Soit, au départ, un réparateur de drones-sentinelles sur une Terre ravagée, radioactive, perdue. Un homme seul (incarné par Tom Cruise), guidé par une femme rousse (excellente Andrea Riseborough, vue dans Shadow Dancer), et la promesse d’un refuge sur une autre planète. Kosinski, qui adapte ici son propre roman graphique co-créé avec Arvid Nelson, fait preuve, les premières minutes, d’un minimalisme scénaristique qui rappelle le Moon de Duncan Jones : les décors uniques faits de verre et de blancs immaculés, les secondes qui s’égrènent dans un espace-temps mélancolique, une figure masculine laissée pour compte, abandonnée à elle-même, dérivant dans un ciel vide, fantasmant sur un avenir meilleur (ici, une petite maison paisible, de la verdure et un lac).

Oblivion commence donc comme un objet hybride, l’épuration du récit se mêle aux vrombissements des machines, les silences des pièces vides aux tiraillements intérieurs du personnage principal. L’ouverture demeure, de loin, le passage le plus intéressant du film : Kosinski y donne à contempler une apocalypse en lumière, un monde trop ordonné, atrophié, vidé de toute humanité. Un prologue radieux, qui se refuse en finesse à l’esprit déconne des blockbusters, et sur lequel planent des maux plus obscurs : la guerre passée, les aliens cachés, les souvenirs arrachés.

Patatras

Lorsque Kosinski emprunte un virage à 180° au milieu du film (virage qui par ailleurs a du mal à nous surprendre), Oblivion cesse d’intriguer et de bluffer, et se met à servir du réchauffé. Exit l’anticipation froide et désespérée, place à l’action, aux bons sentiments, et aux ressorts scénaristiques habituels.

La déception surgit avec l’entrée en jeu d’Olga Kurylenko (à retrouver bientôt dans le formidable A la merveille), incarnant une sorte de femme-poupée quasi mutique, reléguée à un rôle de faire valoir. Oblivion manque de forme et de force dans l’esquisse de ses portraits féminins : la première femme représente grossièrement l’intellect, la seconde le physique. Kosinski prive invariablement le dit bras droit-cerveau de tout désir de rébellion et fait de la femme qui pense, une femme que l’on ne désire pas.

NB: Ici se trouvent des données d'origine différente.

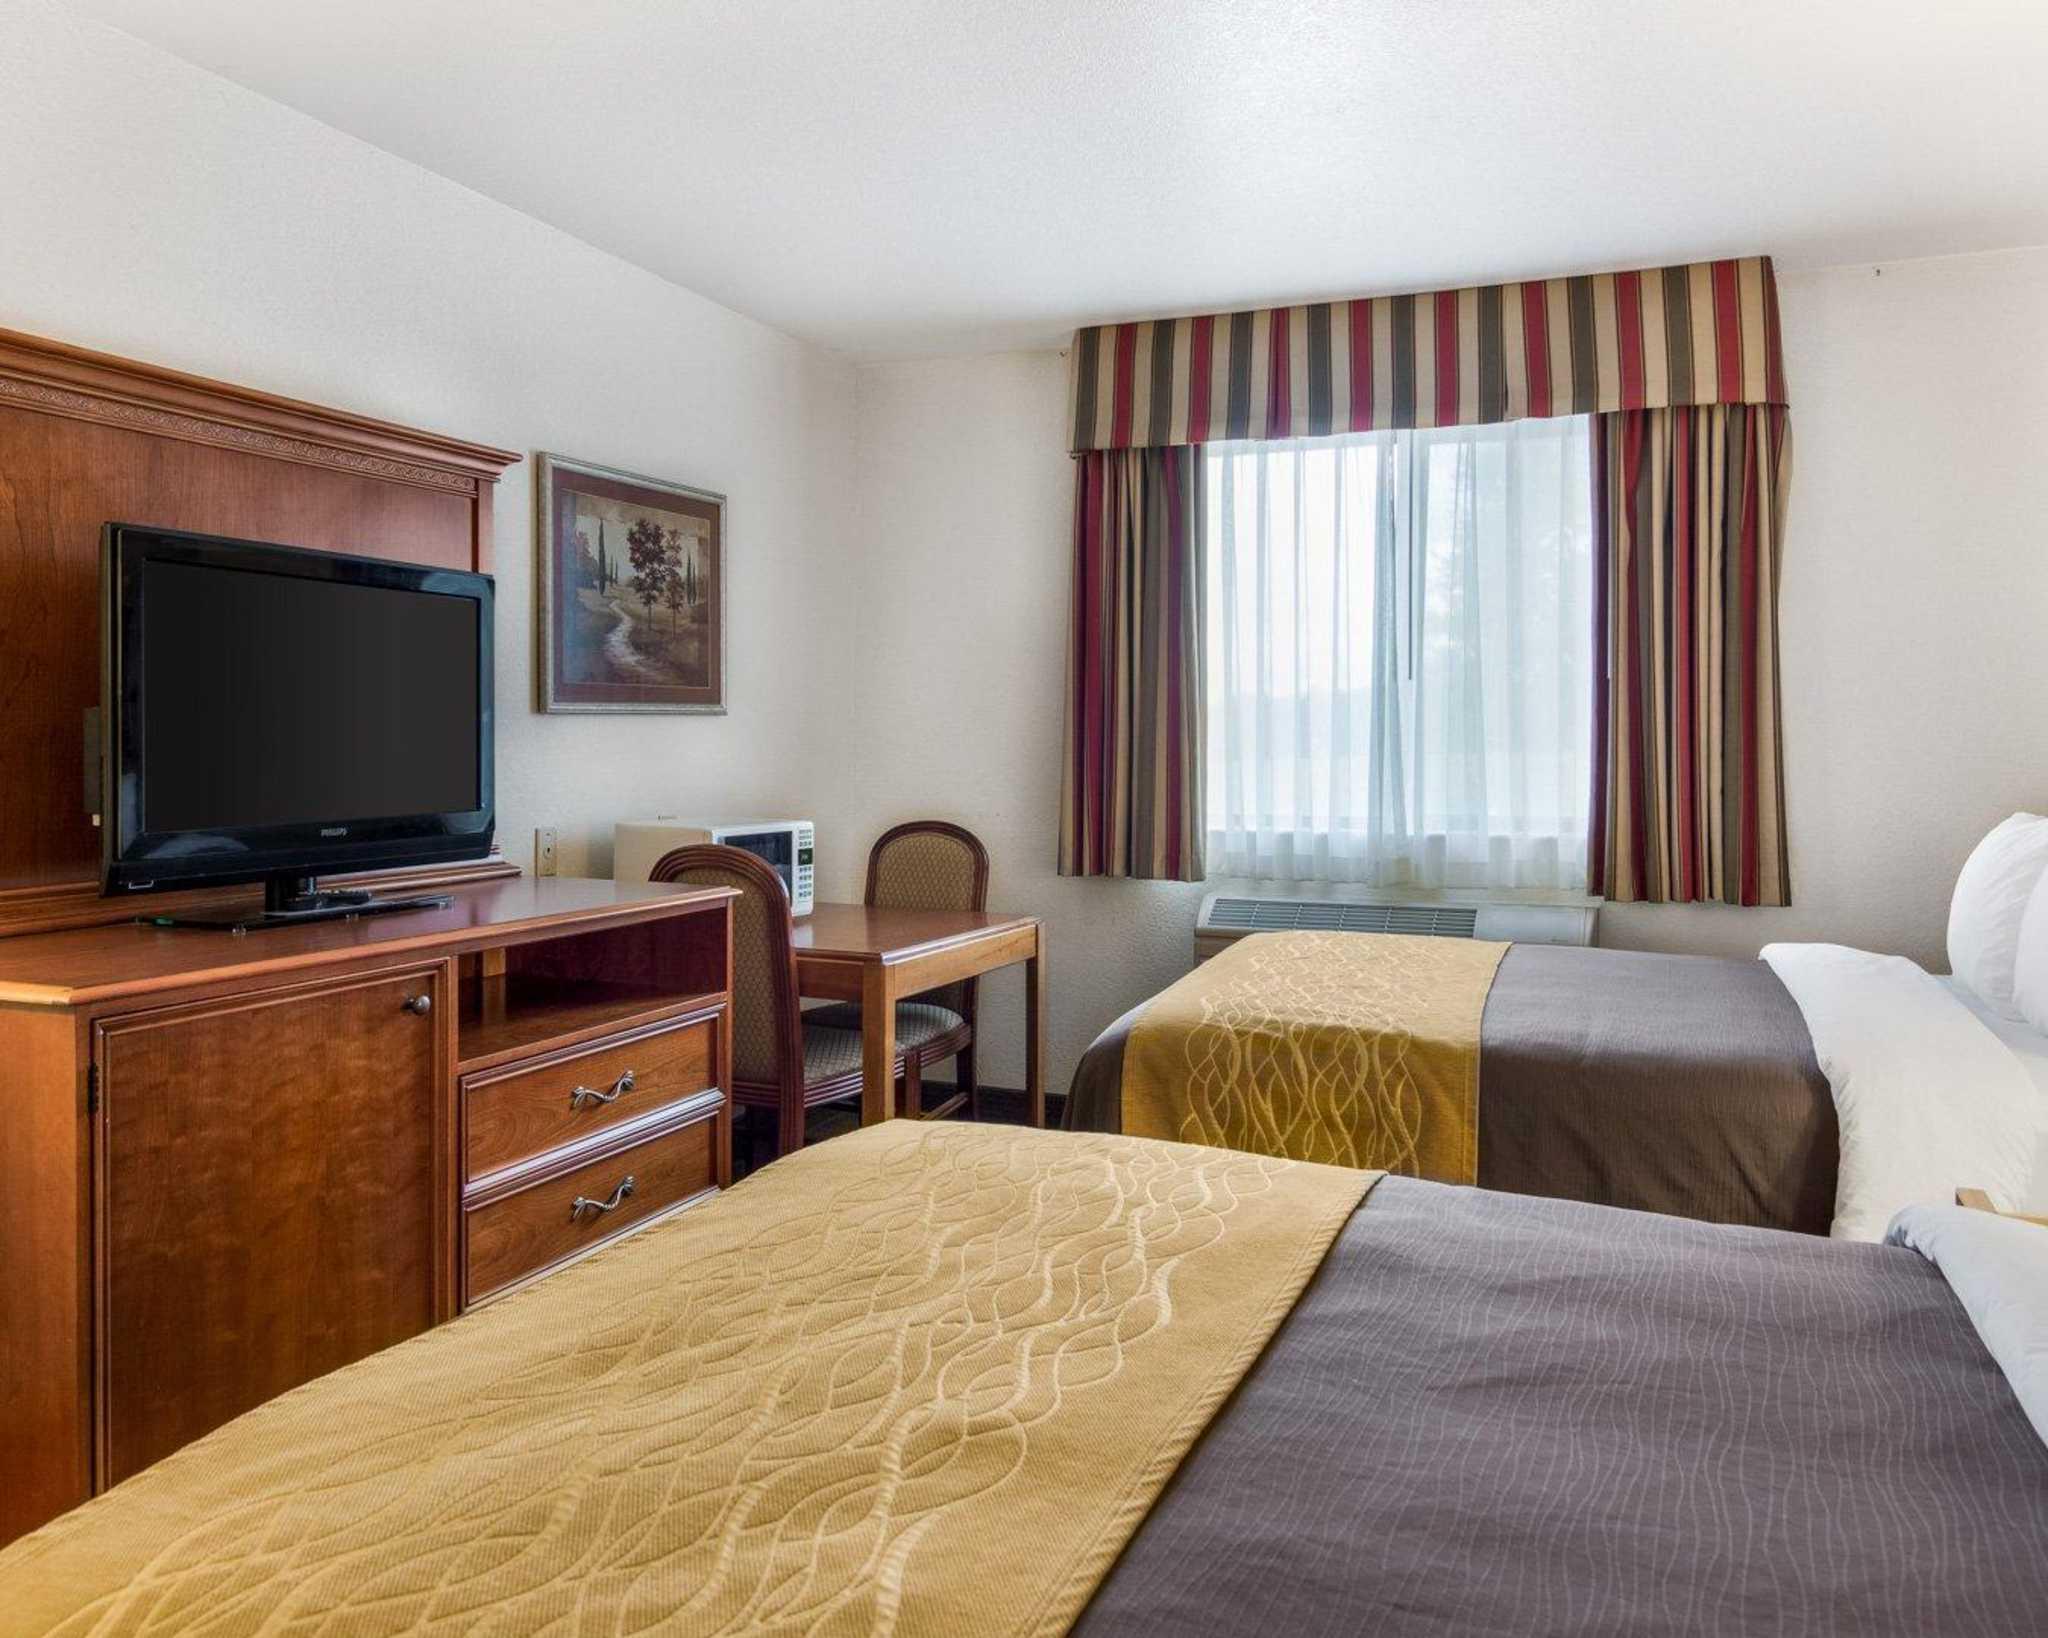 Comfort Inn & Suites image 10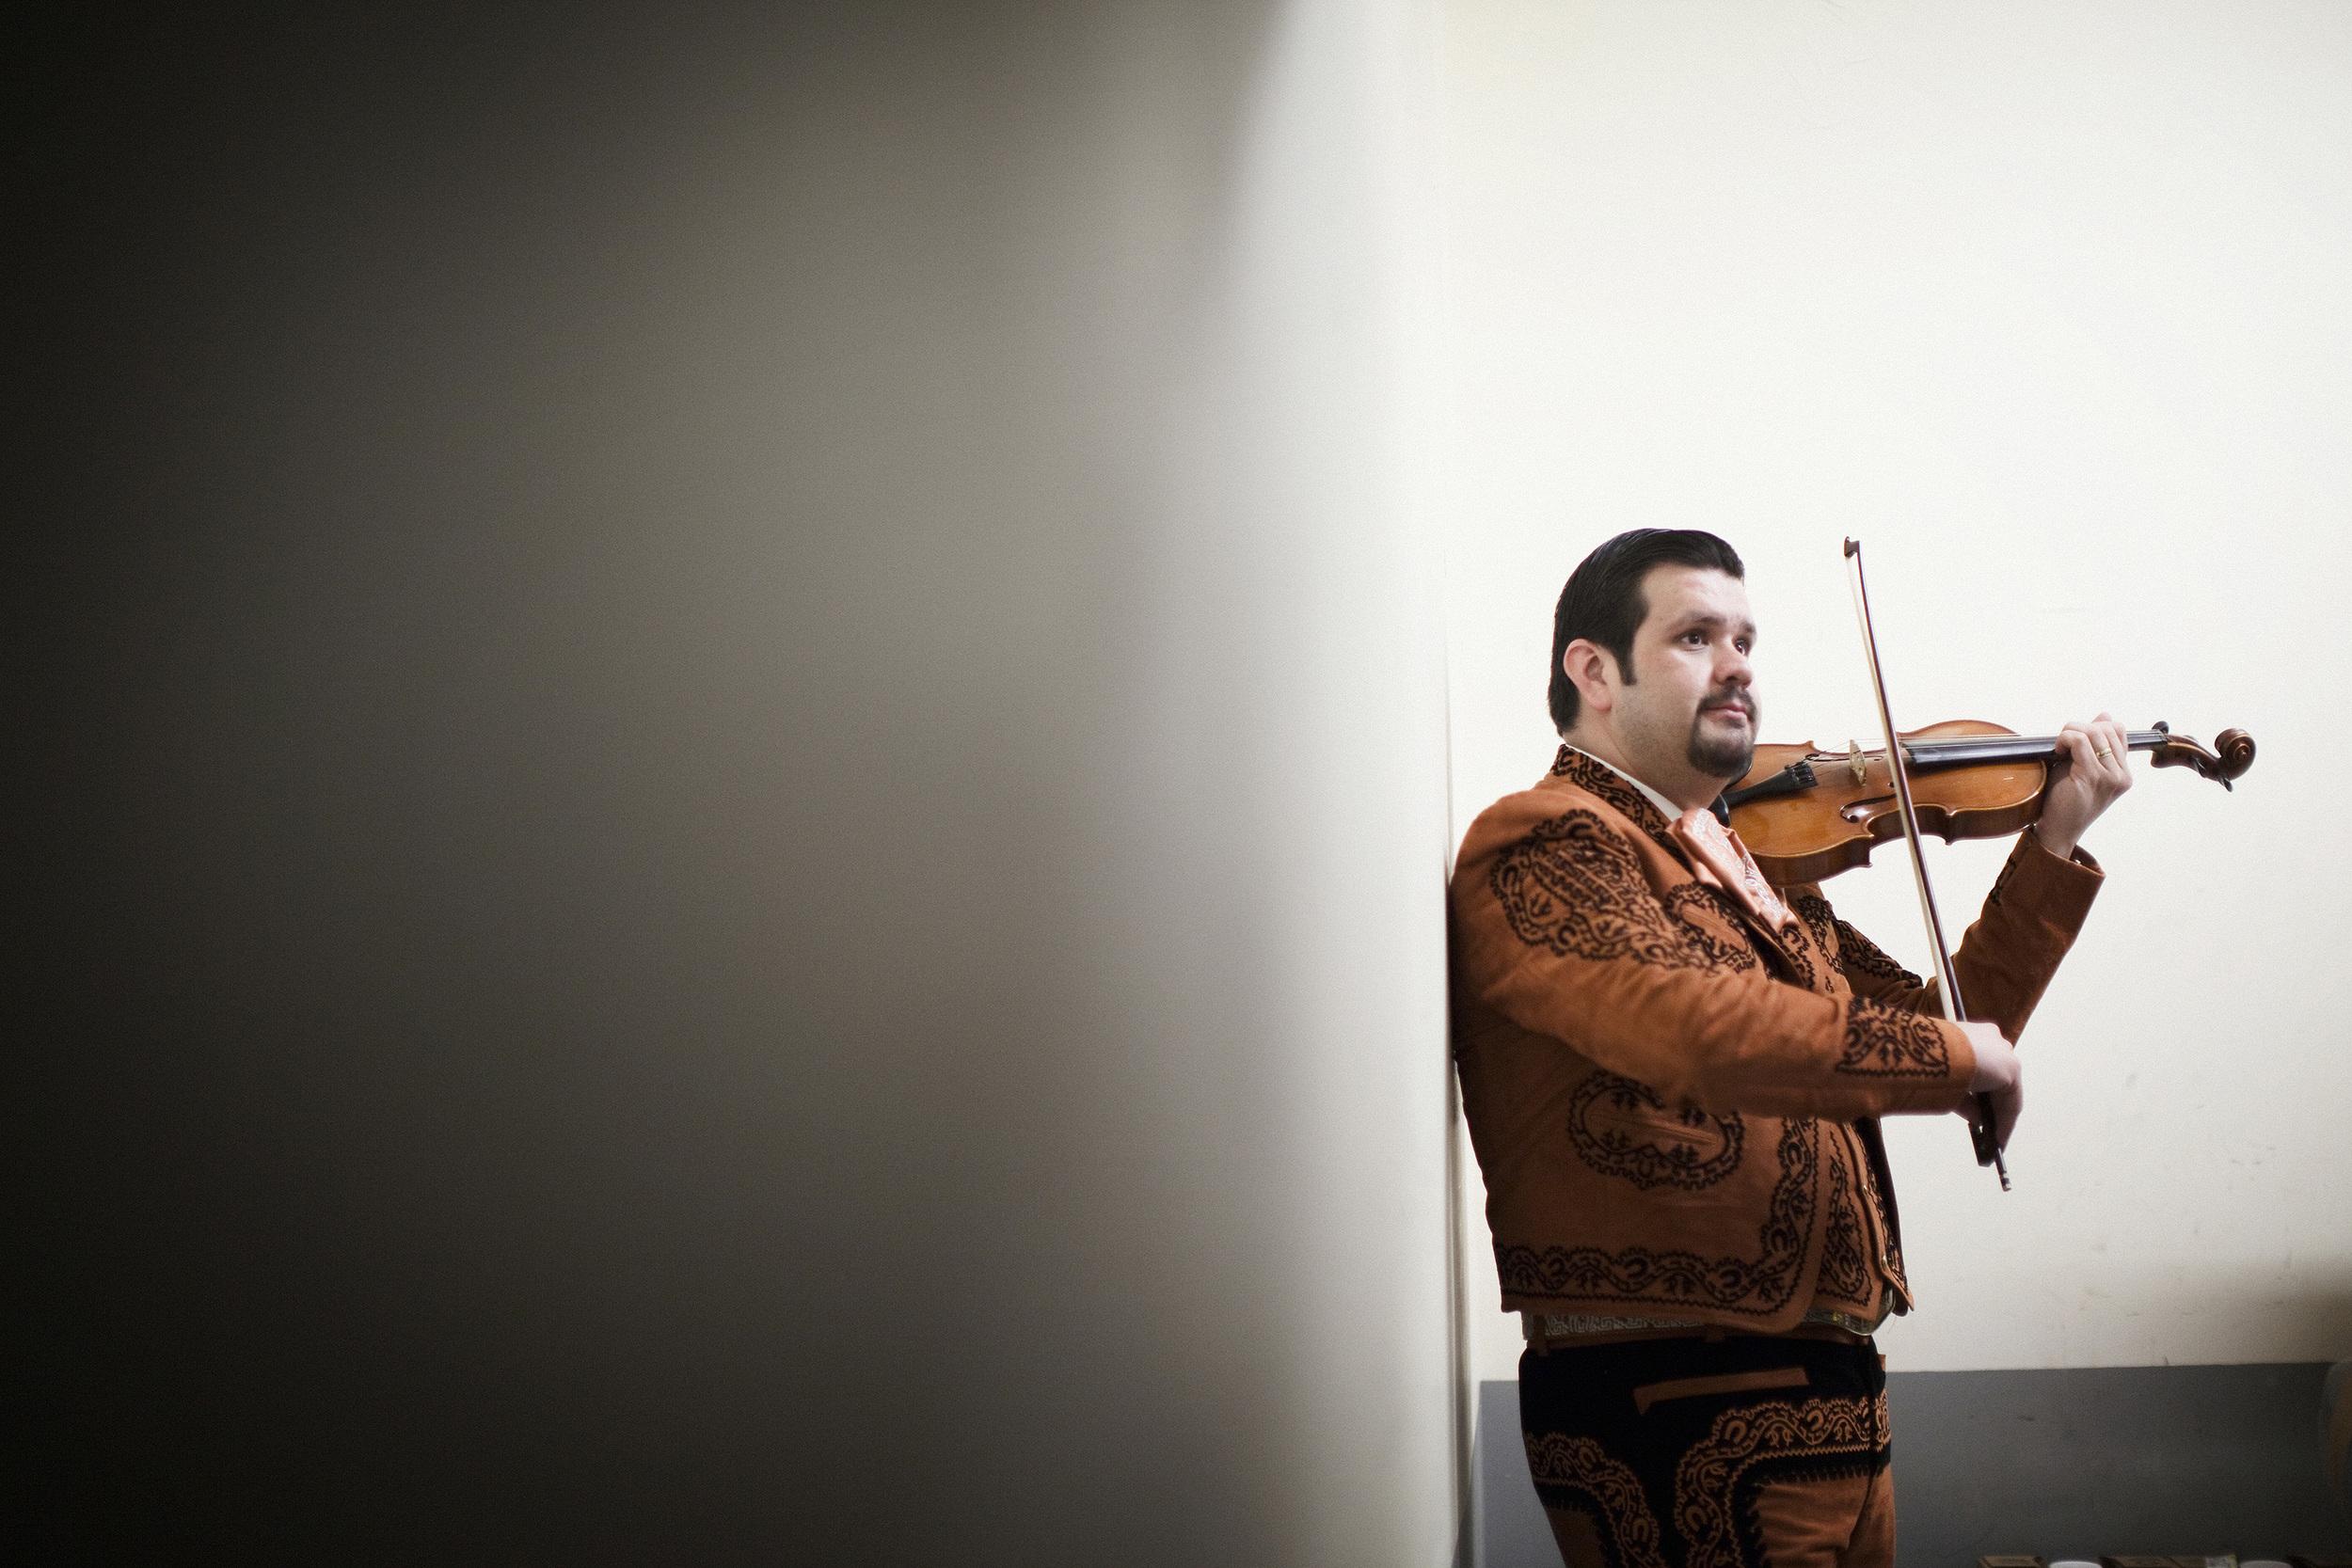 mariachis-day2-0902.jpg

A l’inverse, il réduit tout du long Kurylenko à un physique : souvenir-fantôme, corps attractif, épouse-matrice. Comme dans Tron : Legacy, toujours, où les geeks fantasmaient sur l’image d’une femme parfaite.

A l’écran, les possibles du triangle amoureux sont vite balayés par des rebondissements qui lorgnent chez les Wachowski, réalisateurs de Matrix, (Freeman en clone Fishburne) sans jamais égaler la puissance latente (et révolutionnaire) de la filmographie du duo. Pas de surprise : Oblivion- in fine très artificiel- est bien un blockbuster comme les autres. Pas transgressif pour un sou, armé d’un happy end éminemment ridicule et balourd, qui se fait trop vite hara-kiri en retournant sagement sur des chemins communs, balisés, ordinaires.